Top of Dataset excerpt

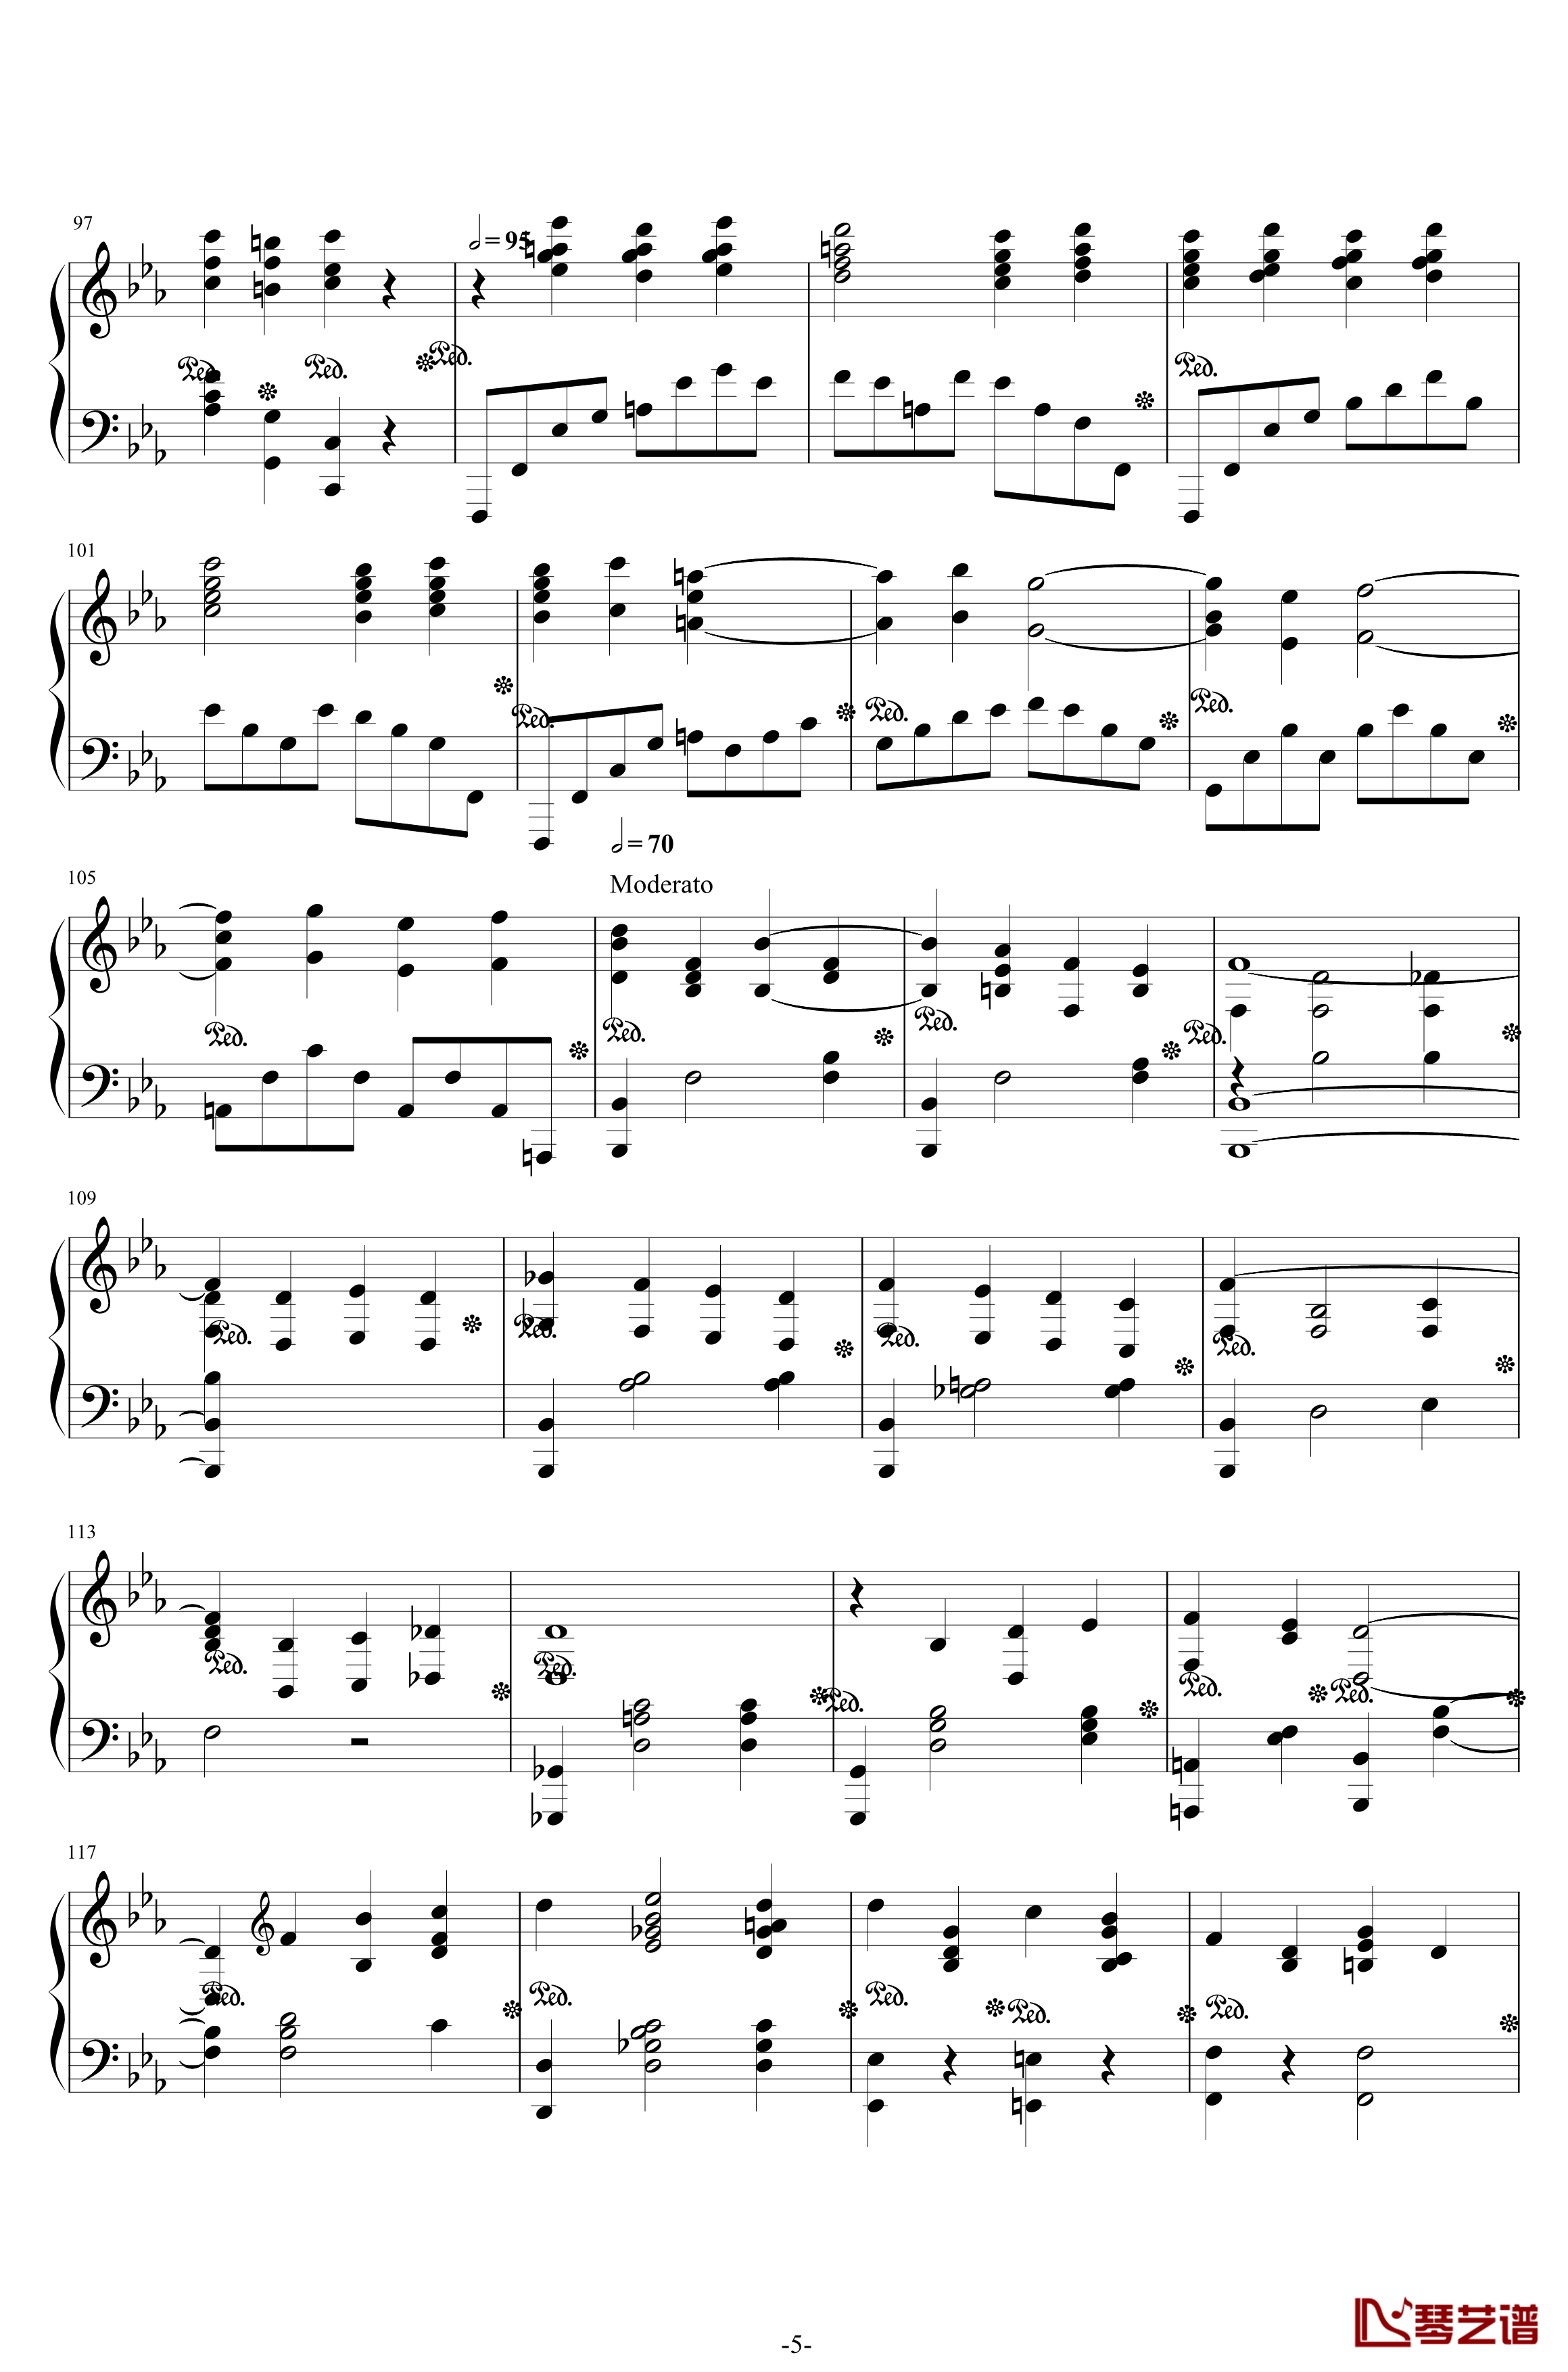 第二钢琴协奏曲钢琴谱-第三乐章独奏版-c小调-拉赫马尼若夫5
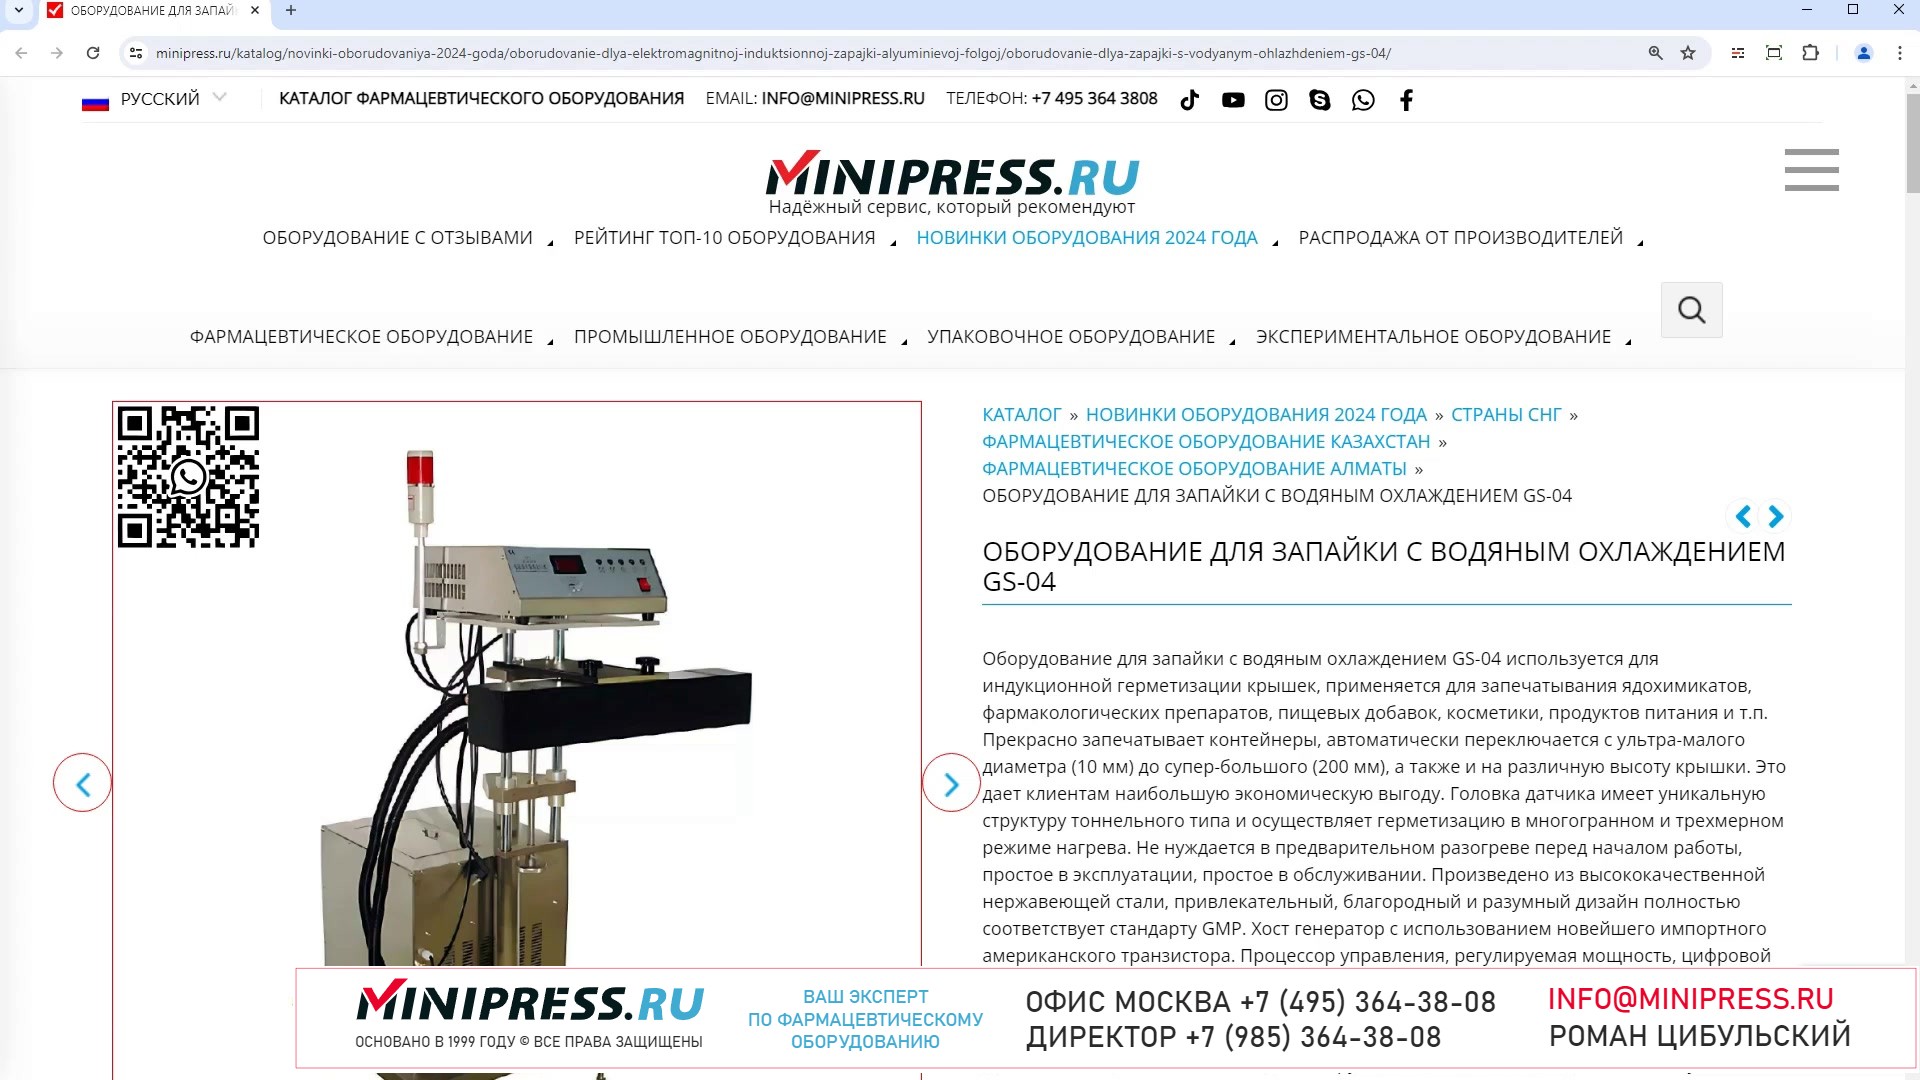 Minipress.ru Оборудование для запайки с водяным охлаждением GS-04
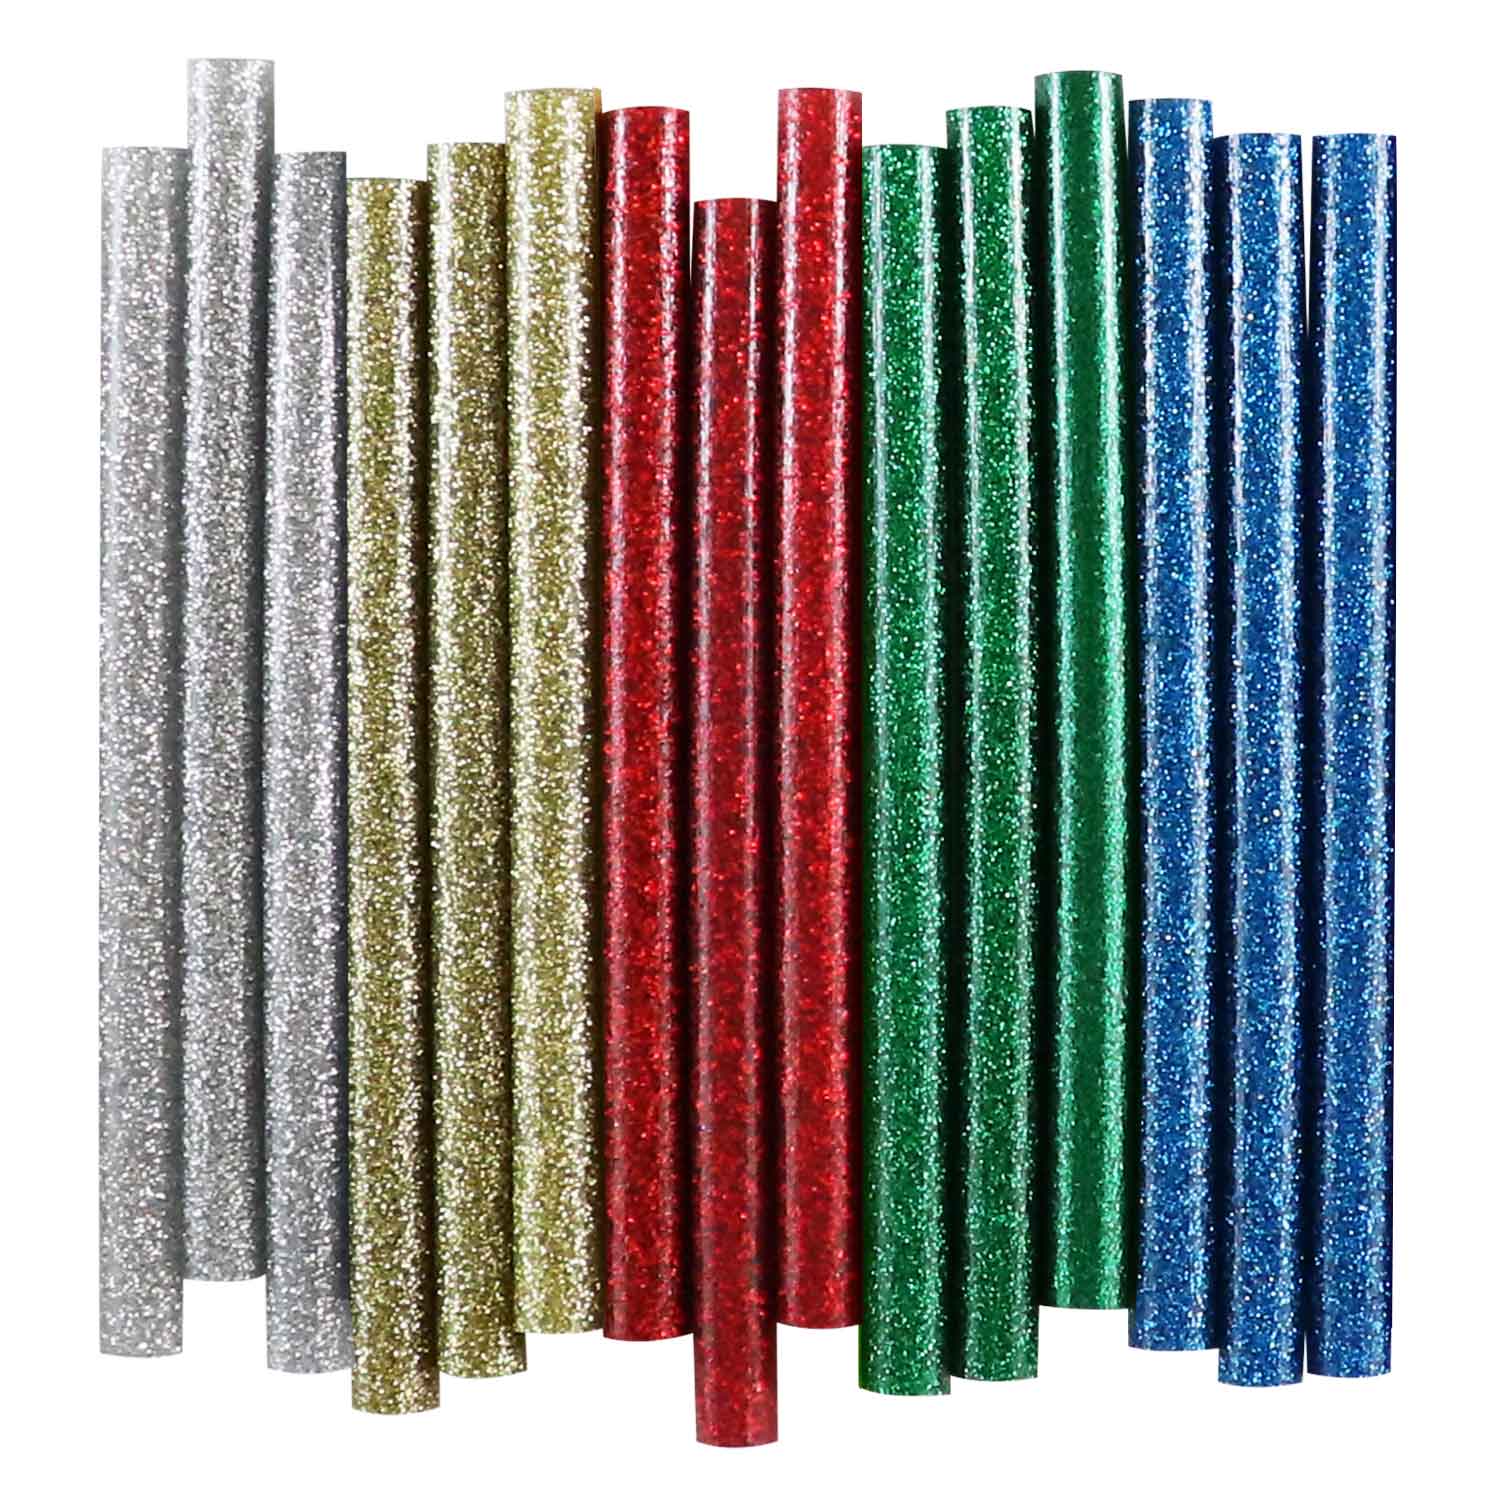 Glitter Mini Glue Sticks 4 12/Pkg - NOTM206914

Bottom of Dataset excerpt

Restate word for word the lines from the one containing "Minipress.ru Оборудование для" through the end of the material above, both included, and nothing besides; drop the pictures.

Task output —
 Minipress.ru Оборудование для запайки с водяным охлаждением GS-04
 Glitter Mini Glue Sticks 4 12/Pkg - NOTM206914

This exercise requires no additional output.